Riedemann hace el trabajo sucio con este libro: escribir de lo oscuro, lo feo, lo horrible, como quería Pezoa Véliz. Y como Pezoa, es capaz de incorporar en ese horror una extraña ternura, una melancolía que nos vuelca hacia lo más profundo de nosotros mismos. Si algo debo agradecer a la lectura de este libro, y de toda la poesía de Guillermo, es que me hace volver a ser el joven que alguna vez fui y me hace volver a la rabia, al sueño, a la creencia de que no me han derrotado.
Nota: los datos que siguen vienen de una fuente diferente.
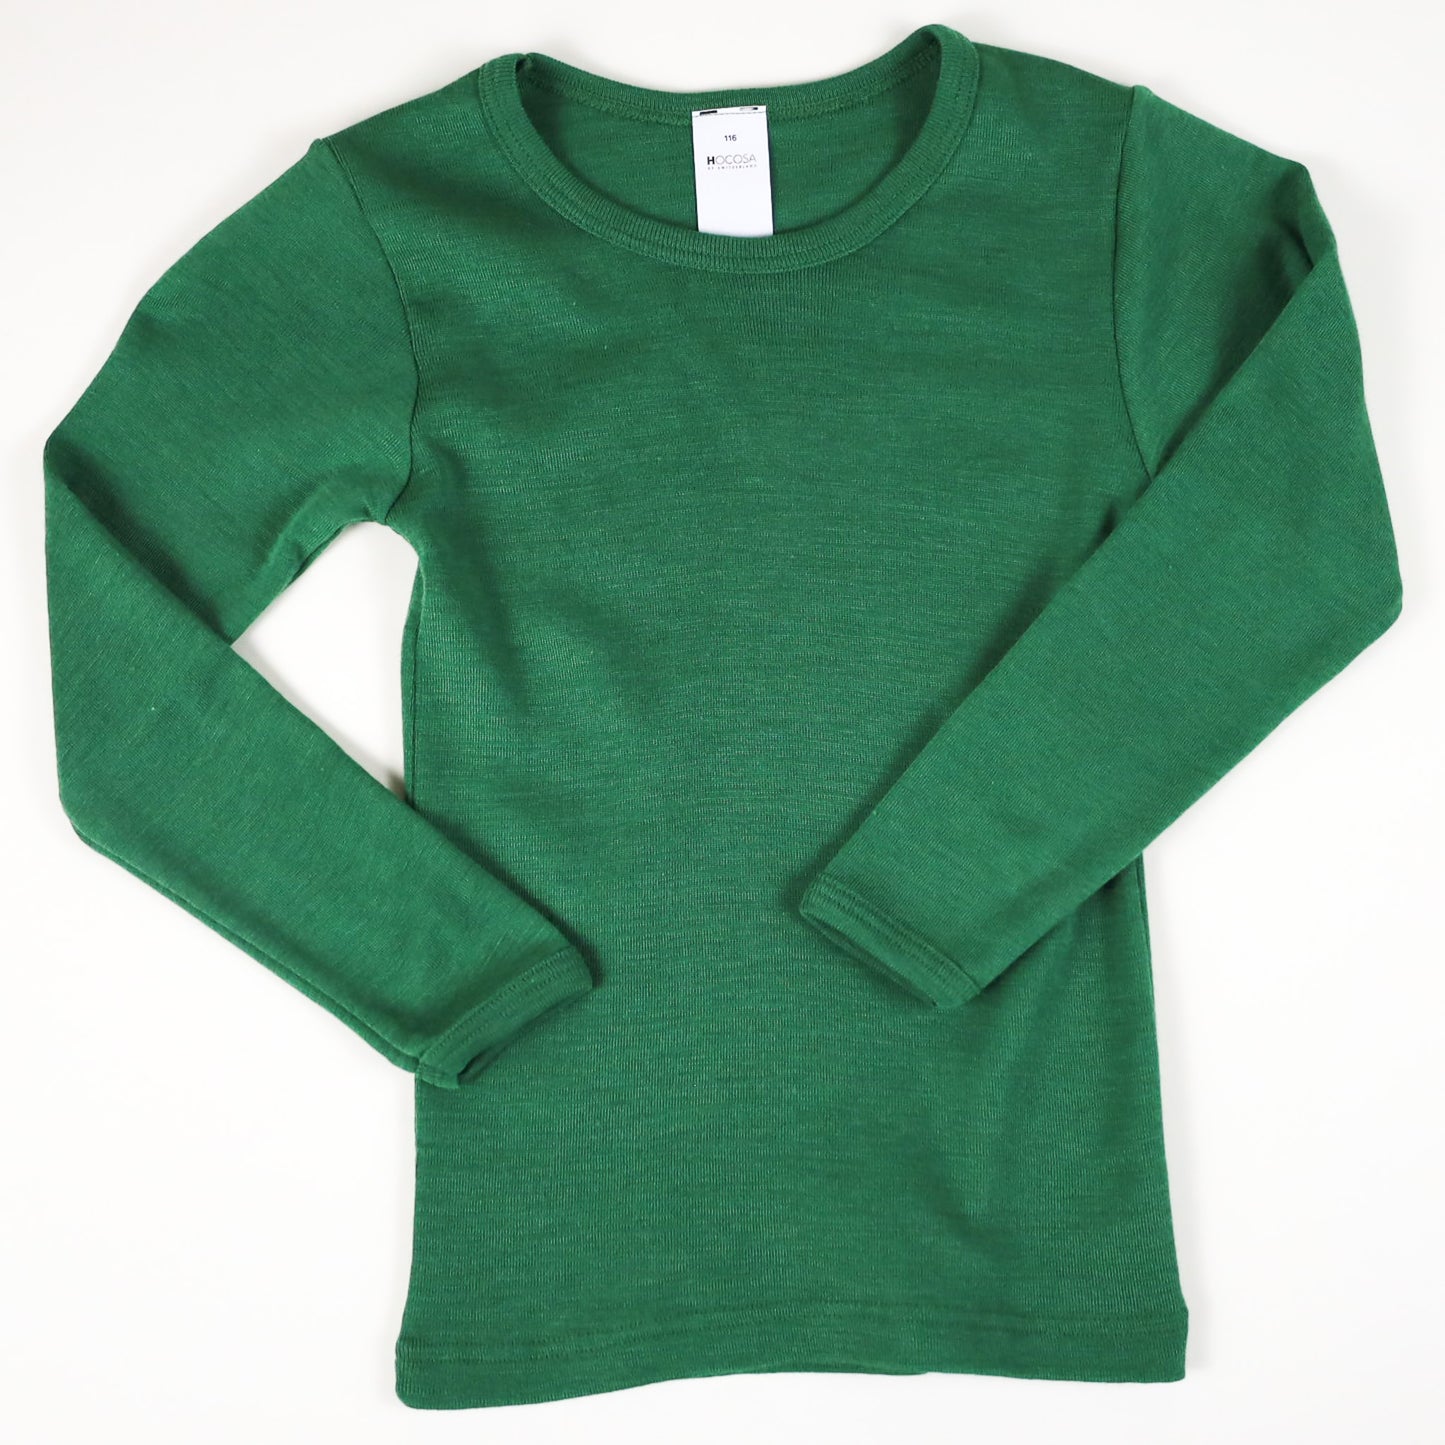 Hocosa Child Long Sleeve Shirt, Wool/Silk
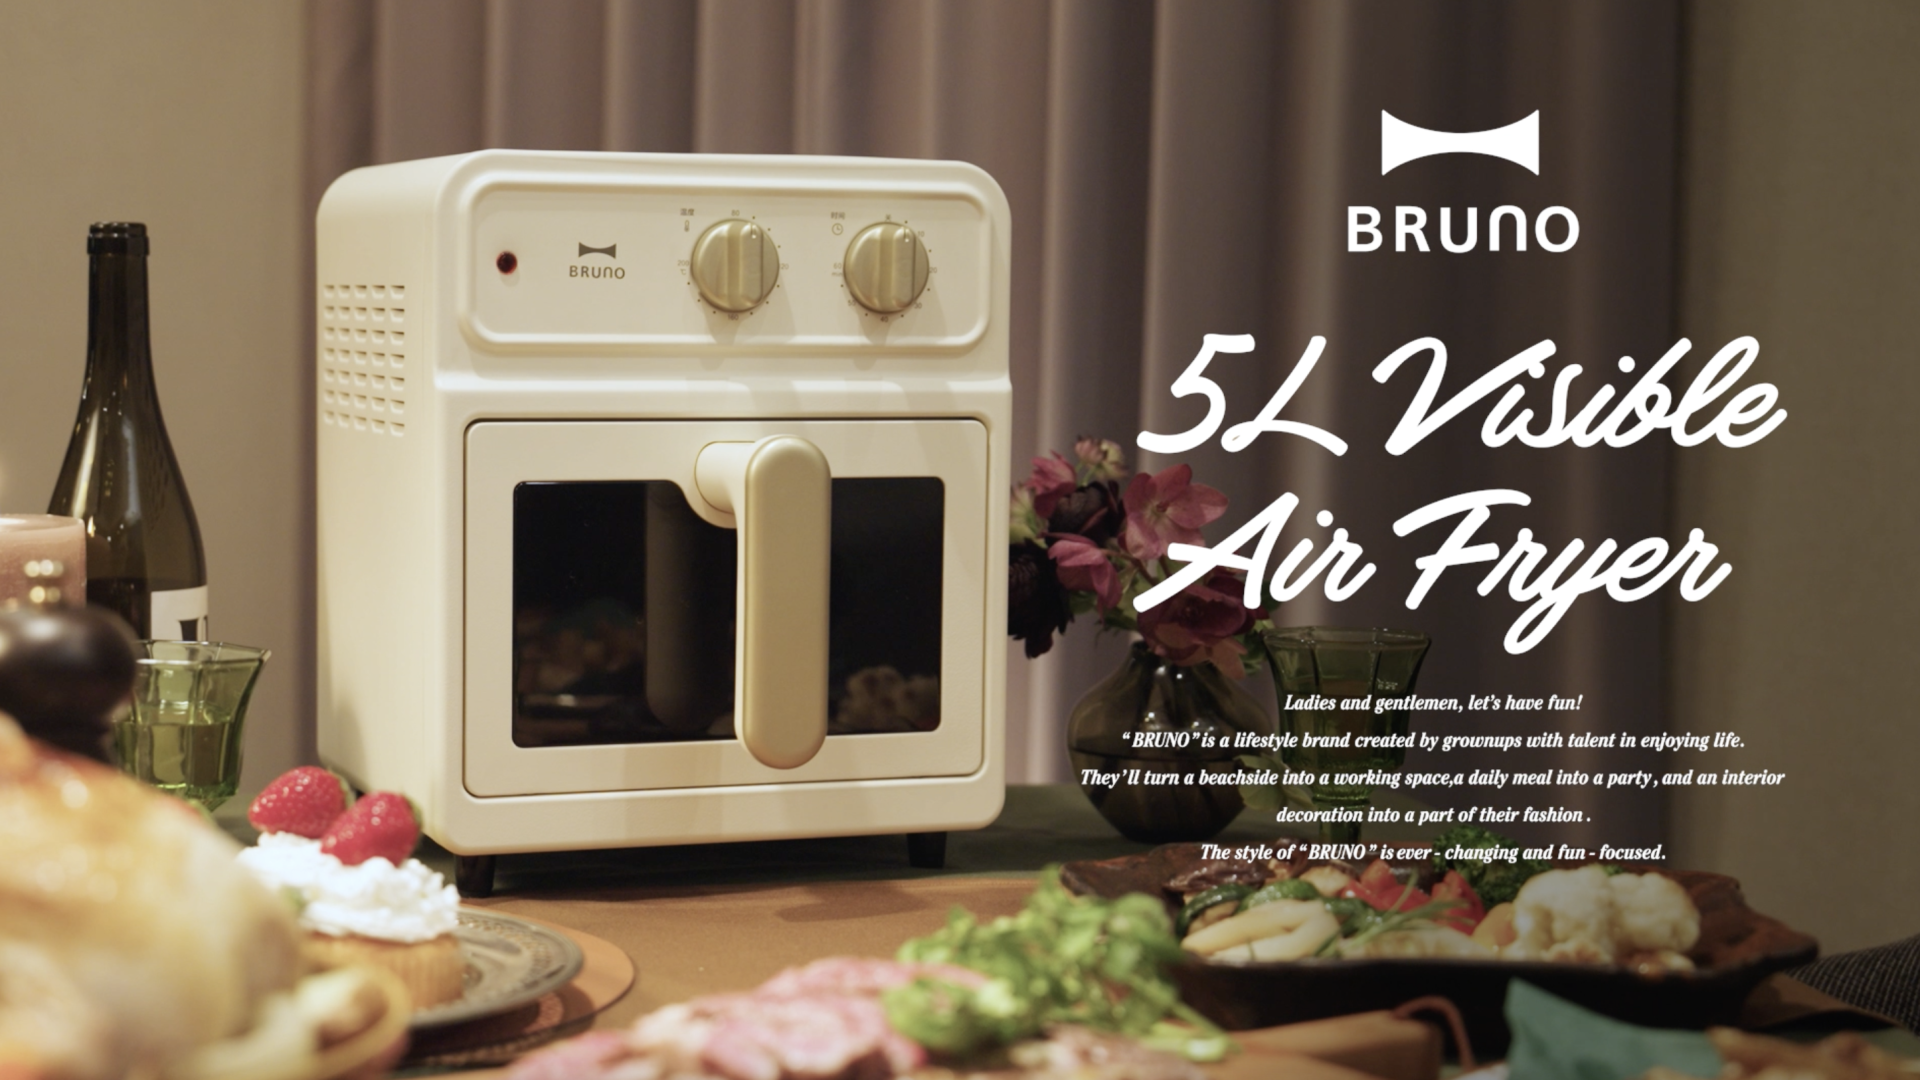 BRUNO 中国版新商品PR映像 5L Visible Air Fryer

No nos han derrotado: “Volver a los 17/ Y marchar por las calles/ Con los estudiantes/ Y soñar que todo puede/ Ser de otro modo/ Y cantar con las mejillas/ Rosadas de frío y alegría/ Y no temer a la policía/ Que levanta sus palos/ Amenazantes/ Y desafiar al futuro/ tan peinado y pulcro/ Volver a los 17/ Y amar por primera vez/ Como si fuese la última/ Y saber que una vidriera/ No vale más que una sonrisa/ Y envejecer de nuevo/ Felices ahora/ De haberlo hecho”.
Guillermo Riedemann, en síntesis, escribe el eterno retorno de la oscuridad, ese tiempo que no parece querer morir y en el cual está atrapado un país entero. La poesía de PMET es exteriorista, situada, conversacional, irónica, amorosa, social, política, epigramática, confesional, pública e íntima, poesía lúcida que en una primera parte (1983) se llena de ironía y reflexiones sobre el oficio poético y sus posibilidades de representación de una realidad caótica. Y en la segunda parte (2018) se hace confesional, dramática, siempre imprecatoria. Esta edición ilumina nuevas zonas y enriquece ese diálogo profundo de nuestra poesía cívica y social, que tiene en Guillermo Riedemann a uno de sus más hondos y lúcidos exponentes.